Yesterday my pants split. Luckily, it was at the end of a working day and it happened when I was leaping enthusiastically from the back of the coach into the driver’s seat (I am lazy and it takes too much time to get off and walk around). I’d just been cleaning the coach and doing lots of bendy/stretchy type motions and obviously that was too much for the very dilapidated pair of pants I wore.
I’d noticed that in the area around the linen was getting very thin – hey, I sit on it three times a week or more and things wear. Because they were black pants I made sure to wear black underwear beneath them so if the worst happened I could still blend in.
Yes, I know I should have replaced them. Do you have any idea how much I hate shopping? And clothes shopping is right up there in my Dante’s 9 Circles of Hell list.
So, being prepared, I always wore black underwear and the lack of split had made me complacent enough so that black underwear was more a habit than a wise precaution. Until yesterday, when I couldn’t find any in the laundry and settled upon a jazzy striped number instead.
Now, because it was the end of the day things were not as dire as they might have been.

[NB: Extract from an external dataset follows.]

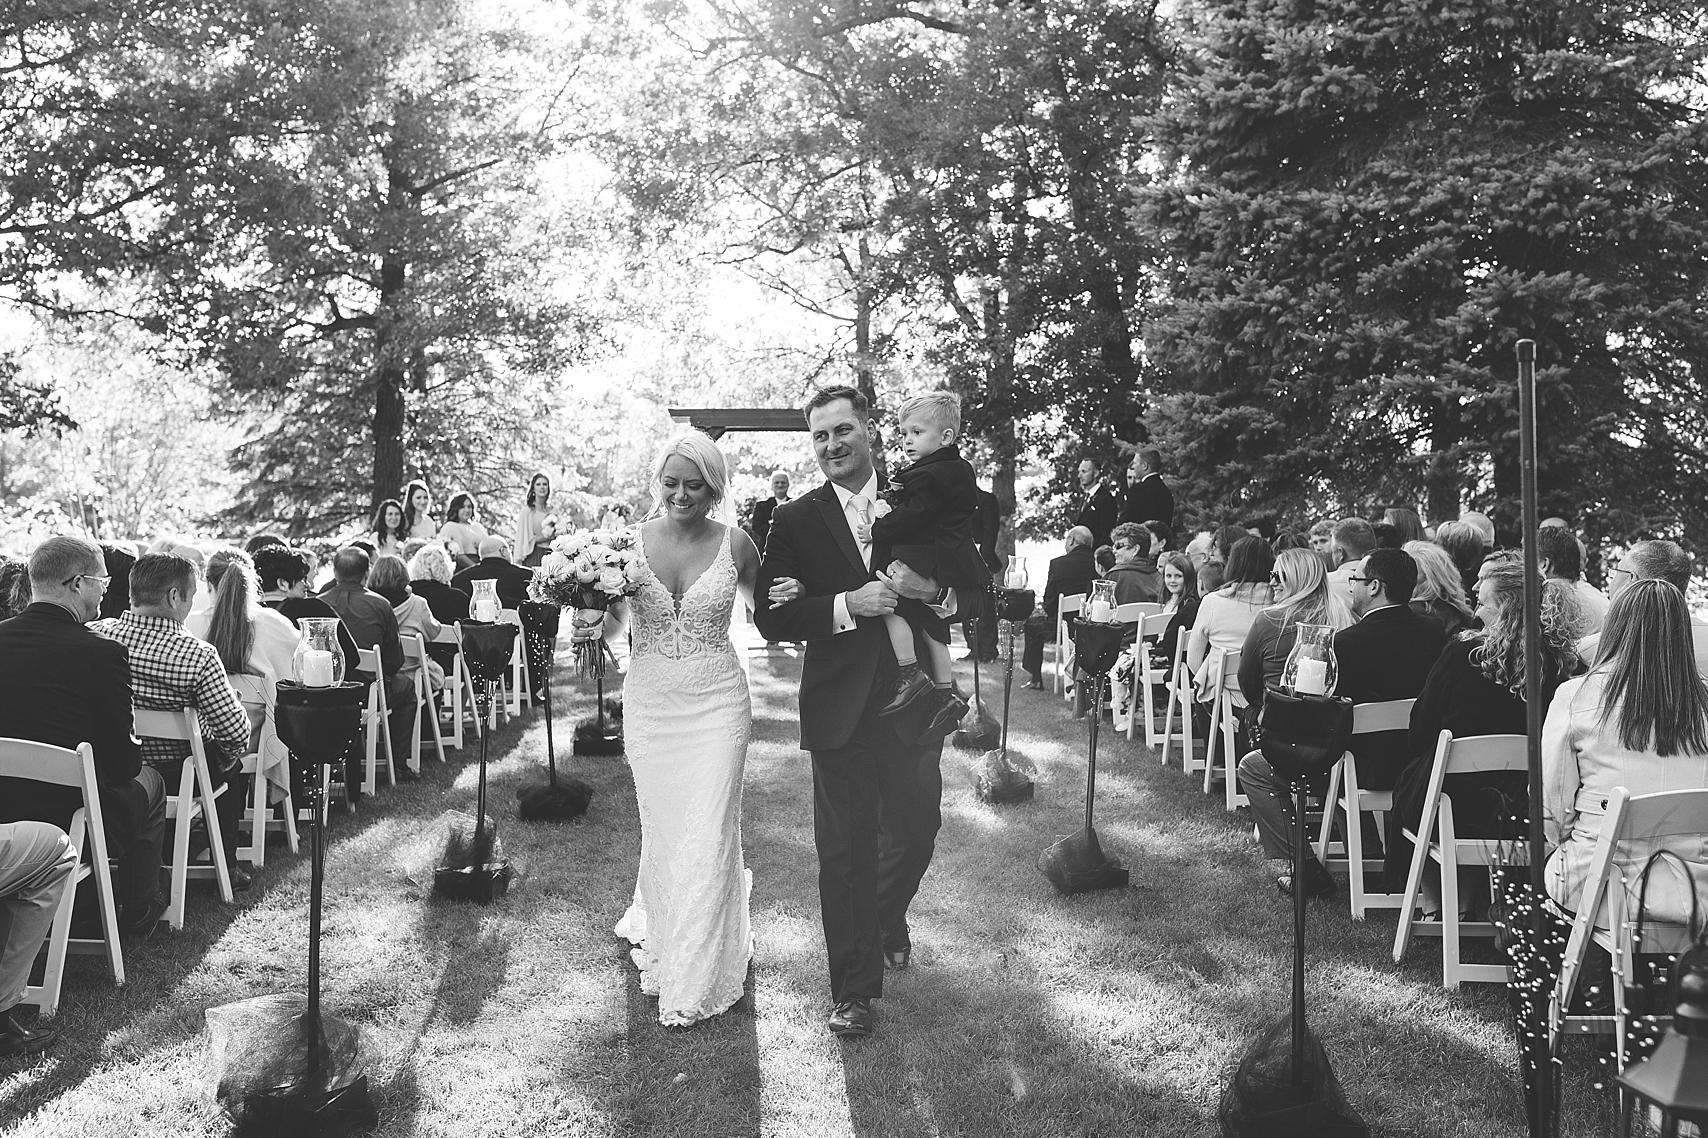 Outdoor wedding ceremony celebratory exit at the Chart House Summer Wedding Lakeville Minnesota Minneapolis Wedding Photographer Mallory Kiesow

Except I had set my heart on sausages for dinner and everybody knows that you can’t have sausages without mashed potatoes, for which I didn’t have the fixings.
I promise I did weigh it up very carefully. I did consider that prudence, in the form of going home and changing my pants and then going out to buy potatoes, was the logical choice. But I knew that if I did go home wild horses wouldn’t drag me out again and I didn’t think it fair to make my poor husband act as my slave.
So I went grocery shopping with a huge rent down the centre of my backside and the white, with contrasting stripes, beneath screaming out “Look at me! Look at me!
This isn’t the first time I have done this but on the previous occasion I put the pants on without knowing that there was a hole and being informed of this by a member of the public (I previously thought people were just staring at me because I looked so sad and somehow my grief was worn like a shroud that made me standout. Uhh, no.) At that particular time I couldn’t care less, and the member of the public was visibly appalled that I didn’t immediately dash to a ladies room to address the issue. But I alway thought that my lack of caring was directly attributal to my emotions only being able to cope with the big issues at the time.
It turns out to be not so. Apparently this is a trait within me and although I might embarass those around me with my total disregard to appearances, that same disregard means that I am the least body image obsessed of any person I know. I think that is a healthy attitude and it leads me to be very non-judgemental on appearances, which is only a good thing. It is the outside of you and the outside doesn’t really matter.